Collected data:
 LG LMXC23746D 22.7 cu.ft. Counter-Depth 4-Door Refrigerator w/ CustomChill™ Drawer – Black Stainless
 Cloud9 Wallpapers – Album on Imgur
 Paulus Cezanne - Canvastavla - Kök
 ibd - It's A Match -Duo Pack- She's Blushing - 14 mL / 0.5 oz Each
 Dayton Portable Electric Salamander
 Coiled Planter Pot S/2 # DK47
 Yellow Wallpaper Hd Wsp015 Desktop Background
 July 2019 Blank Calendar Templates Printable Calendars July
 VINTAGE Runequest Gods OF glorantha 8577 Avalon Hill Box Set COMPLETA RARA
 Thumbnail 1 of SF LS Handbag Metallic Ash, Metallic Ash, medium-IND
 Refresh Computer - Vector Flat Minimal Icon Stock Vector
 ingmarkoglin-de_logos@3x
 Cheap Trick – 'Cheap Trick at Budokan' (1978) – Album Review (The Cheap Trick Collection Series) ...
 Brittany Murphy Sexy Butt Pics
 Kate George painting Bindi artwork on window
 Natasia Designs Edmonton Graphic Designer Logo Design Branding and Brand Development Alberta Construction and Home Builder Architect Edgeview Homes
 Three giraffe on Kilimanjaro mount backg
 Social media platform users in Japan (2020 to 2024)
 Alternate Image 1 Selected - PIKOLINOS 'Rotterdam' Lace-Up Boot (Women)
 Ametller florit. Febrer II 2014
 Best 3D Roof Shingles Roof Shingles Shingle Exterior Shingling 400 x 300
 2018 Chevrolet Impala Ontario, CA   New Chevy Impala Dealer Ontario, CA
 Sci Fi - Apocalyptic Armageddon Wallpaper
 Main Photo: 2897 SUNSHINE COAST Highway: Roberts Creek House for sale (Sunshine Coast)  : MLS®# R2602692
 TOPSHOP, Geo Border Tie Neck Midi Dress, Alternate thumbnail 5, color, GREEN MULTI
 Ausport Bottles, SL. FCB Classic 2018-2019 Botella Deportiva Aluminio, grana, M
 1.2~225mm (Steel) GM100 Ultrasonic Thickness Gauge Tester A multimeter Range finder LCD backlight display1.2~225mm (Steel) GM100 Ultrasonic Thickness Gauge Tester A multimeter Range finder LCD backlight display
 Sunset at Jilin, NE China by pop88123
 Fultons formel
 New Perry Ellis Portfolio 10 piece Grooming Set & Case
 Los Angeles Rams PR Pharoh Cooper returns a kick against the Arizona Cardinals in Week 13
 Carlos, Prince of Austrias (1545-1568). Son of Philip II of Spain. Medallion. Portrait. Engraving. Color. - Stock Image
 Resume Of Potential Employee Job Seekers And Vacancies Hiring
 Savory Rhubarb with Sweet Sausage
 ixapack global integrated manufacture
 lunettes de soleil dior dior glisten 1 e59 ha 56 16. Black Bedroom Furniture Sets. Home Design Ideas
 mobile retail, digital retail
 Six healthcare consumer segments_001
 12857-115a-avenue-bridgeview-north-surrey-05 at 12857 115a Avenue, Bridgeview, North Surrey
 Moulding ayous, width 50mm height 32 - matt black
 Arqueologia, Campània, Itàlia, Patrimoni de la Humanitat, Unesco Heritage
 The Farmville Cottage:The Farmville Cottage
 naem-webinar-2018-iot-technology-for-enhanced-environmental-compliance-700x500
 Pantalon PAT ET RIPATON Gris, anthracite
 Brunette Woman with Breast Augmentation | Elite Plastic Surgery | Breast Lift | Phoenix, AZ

Requirement:
Please give back only the lines between the first line of the entries and the line with "Dayton Portable Electric Salamander", both ends included, word for word.

Reply to the task:
 LG LMXC23746D 22.7 cu.ft. Counter-Depth 4-Door Refrigerator w/ CustomChill™ Drawer – Black Stainless
 Cloud9 Wallpapers – Album on Imgur
 Paulus Cezanne - Canvastavla - Kök
 ibd - It's A Match -Duo Pack- She's Blushing - 14 mL / 0.5 oz Each
 Dayton Portable Electric Salamander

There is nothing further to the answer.